Veröffentlicht: 29. November 2013

© 2013 Habersack et al.
Dieser Artikel ist ein Open Access-Artikel und steht unter den Creative Commons Lizenzbedingungen ( Er darf vervielfältigt, verbreitet und öffentlich zugänglich gemacht werden, vorausgesetzt dass Autor und Quelle genannt werden.



Background: The selection of students is increasingly becoming a (socio)political discussion point. Especially the selection process for medical college is criticized with regards to (un)fairness, discrimination of socially disadvantaged population groups, perpetuation of a gender gap or simply maintenance of a desired status quo [1], [2].

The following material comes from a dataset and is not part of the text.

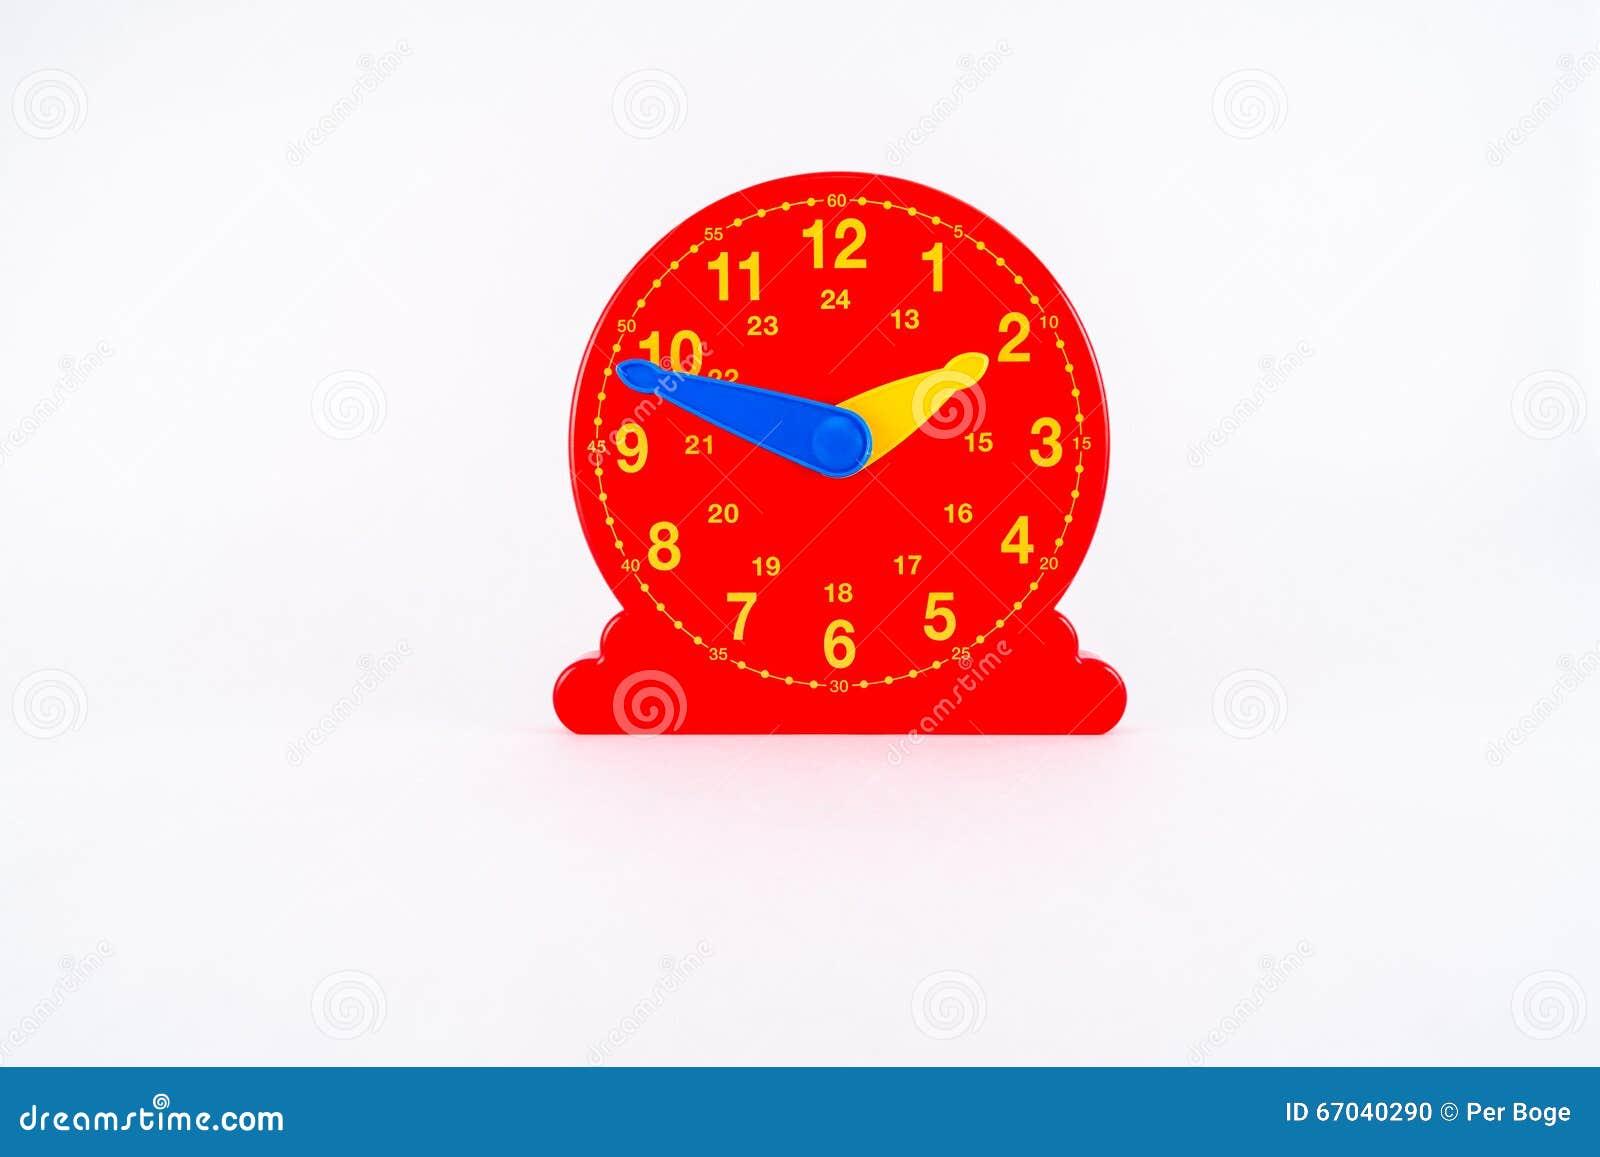 Juguete plástico rojo aislado del reloj por tiempo de aprendizaje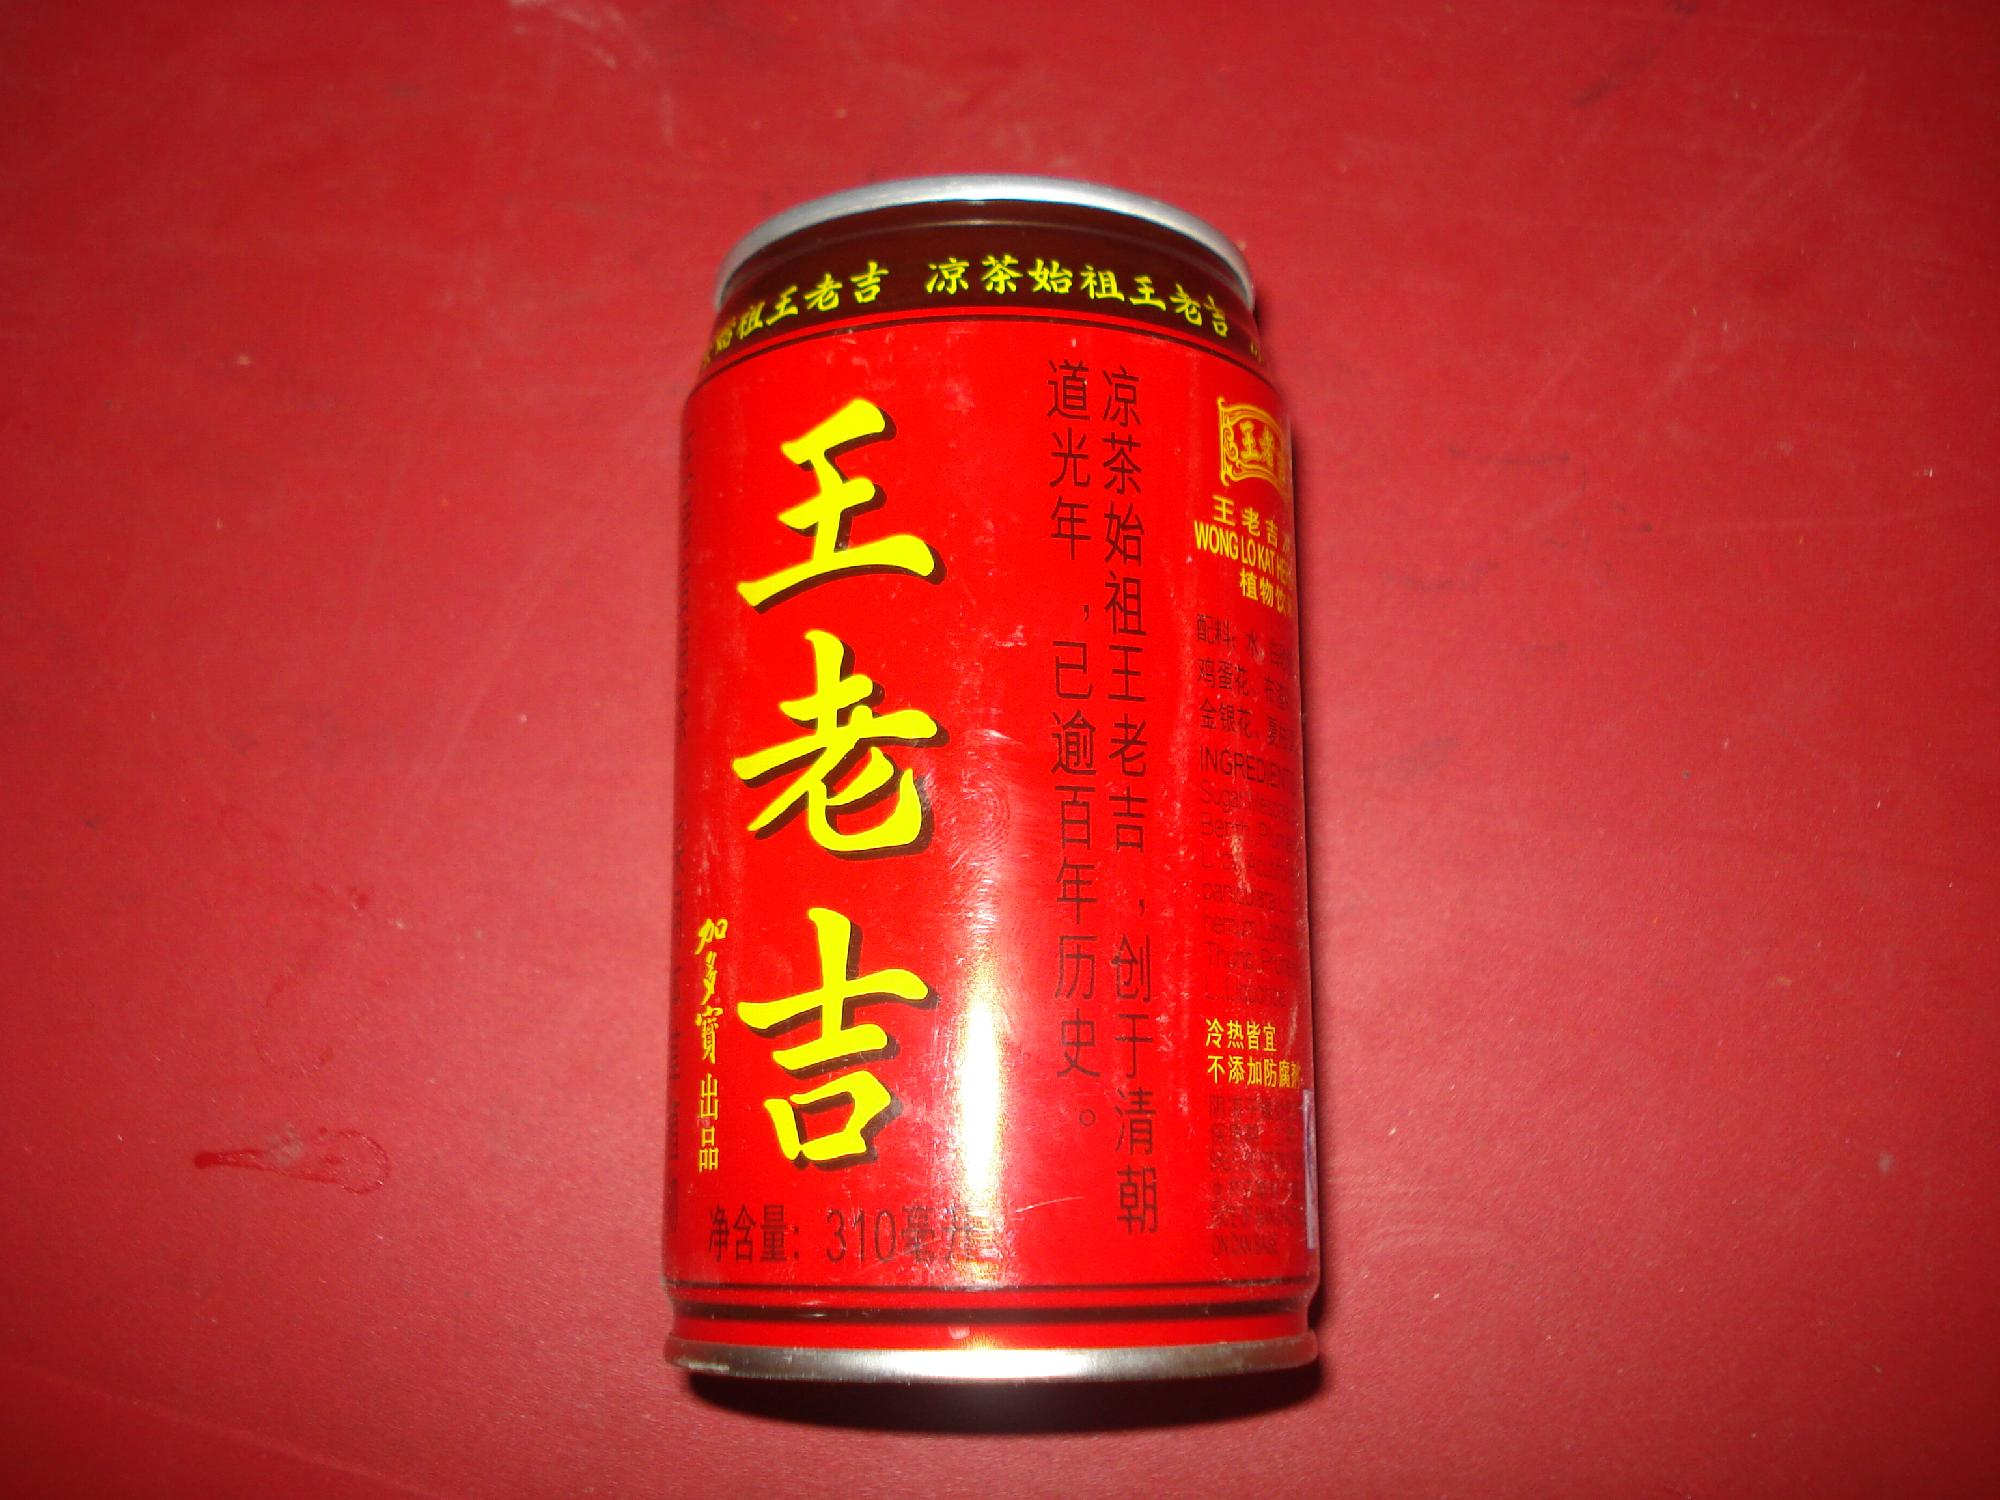 """5升瓶装王老吉凉茶,2012年12月27日王老吉凉茶家族再添""""吉祥三宝""""图片"""

Methods: A systematic, critical literature search was carried out in EMBASE, Medline, Pascal, ERIC and PsyINFO. Limits were the last 10 years as well as the languages German or English. The review excludes studies that deal with drop-out and/or statistical correlations between Medical College Admission Test (MCAT) - scores and study success. Full texts were evaluated regarding methodological & theoretical rigor by means of the applicable quality checklist of the Alberta Heritage Foundation for Medical Research [3].

Results: 28 publications remained for further evaluation. Four additional articles were included from the reference lists. Two articles had to be excluded due to low quality (quality score <0.75). Ultimately, 15 publications met the inclusion criteria and were subjected to further analysis and evaluation. Two factors associated with MCAT-scores are discussed in the literature:

The MCAT´s do not – and that with regards to design, construction, weighting, construction of the items and statistical depiction of results – succeed in invalidating arguments of discrimination in the broader sense [4], [5].
(The second category, discussed in the literature, comprises factors that are linked to the socio-economic status, as for example inequality of opportunities depending on the allocating college or programs and actions that are (occasionally) performed to decrease “uneven distributions” at the university or college level.

Conclusions: In order to be able to invalidate the mentioned arguments against medical college admission tests, a systematical examination of the mentioned categories is needed.